▸ **Exercise data**

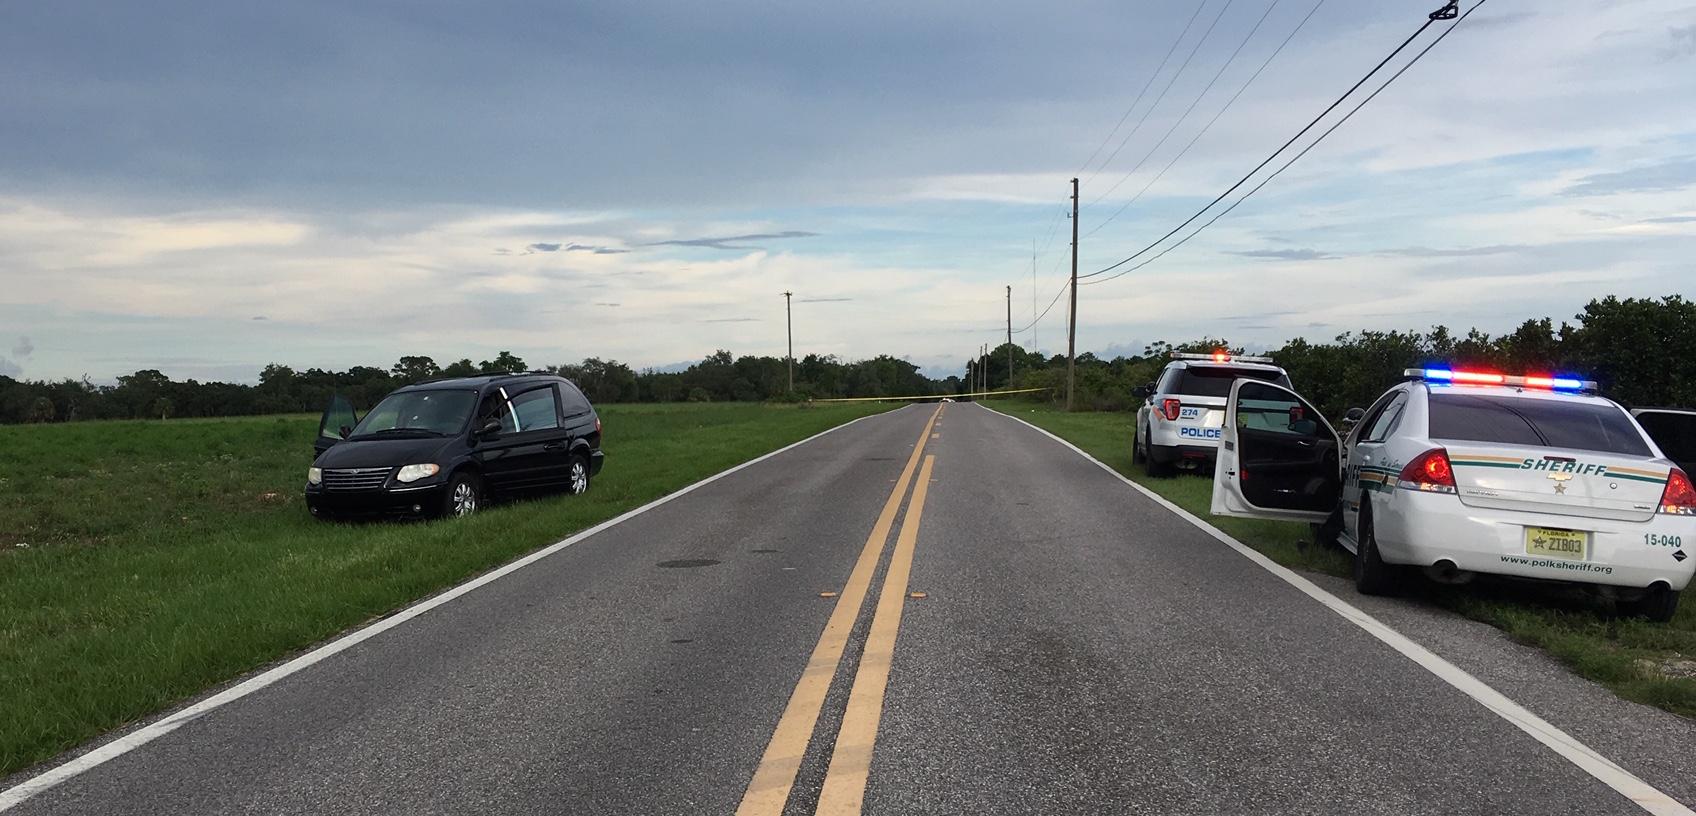 Carl Boozer Road scene
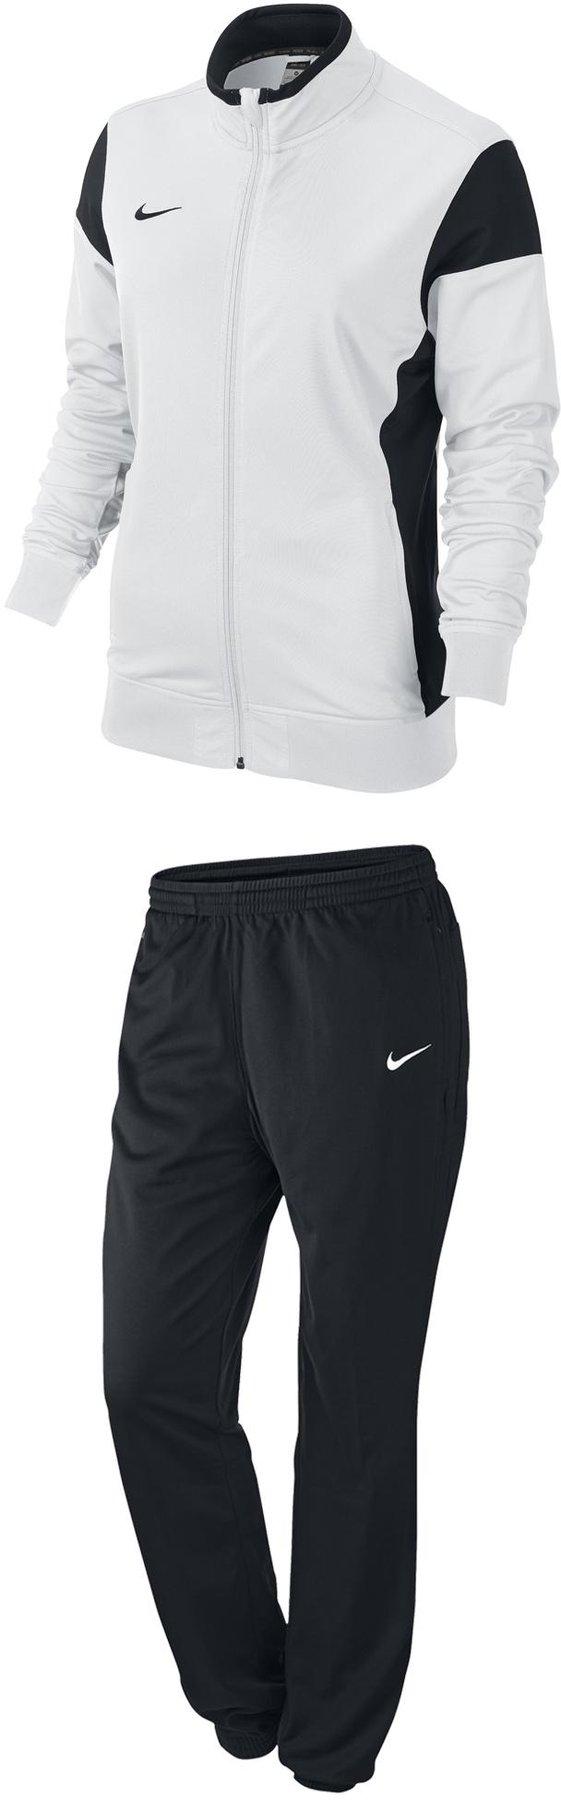 Nike Trainingsanzug Damen
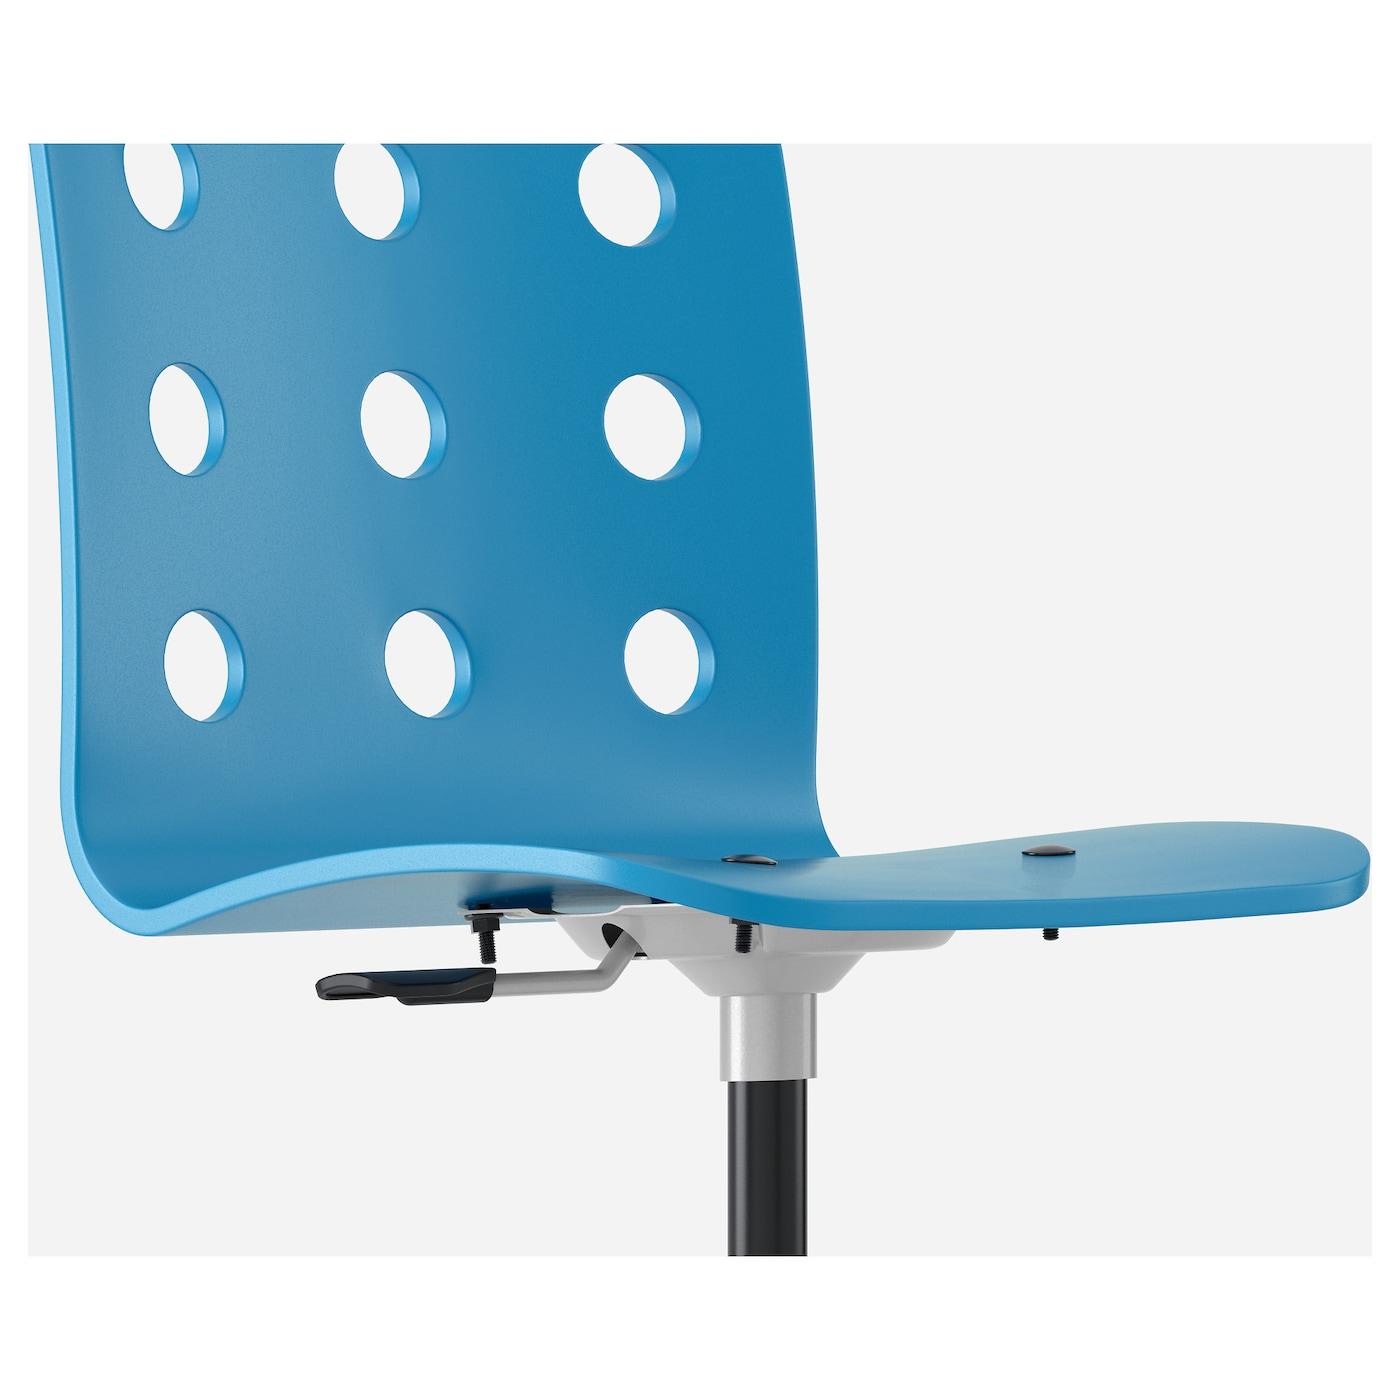 jules children 39 s desk chair blue silver colour ikea. Black Bedroom Furniture Sets. Home Design Ideas

▸ **Work instruction**
Once the pictures are removed, output the remaining material exactly.

▸ **Answer to this task**
 Carl Boozer Road scene
 Nike Trainingsanzug Damen
 jules children 39 s desk chair blue silver colour ikea. Black Bedroom Furniture Sets. Home Design Ideas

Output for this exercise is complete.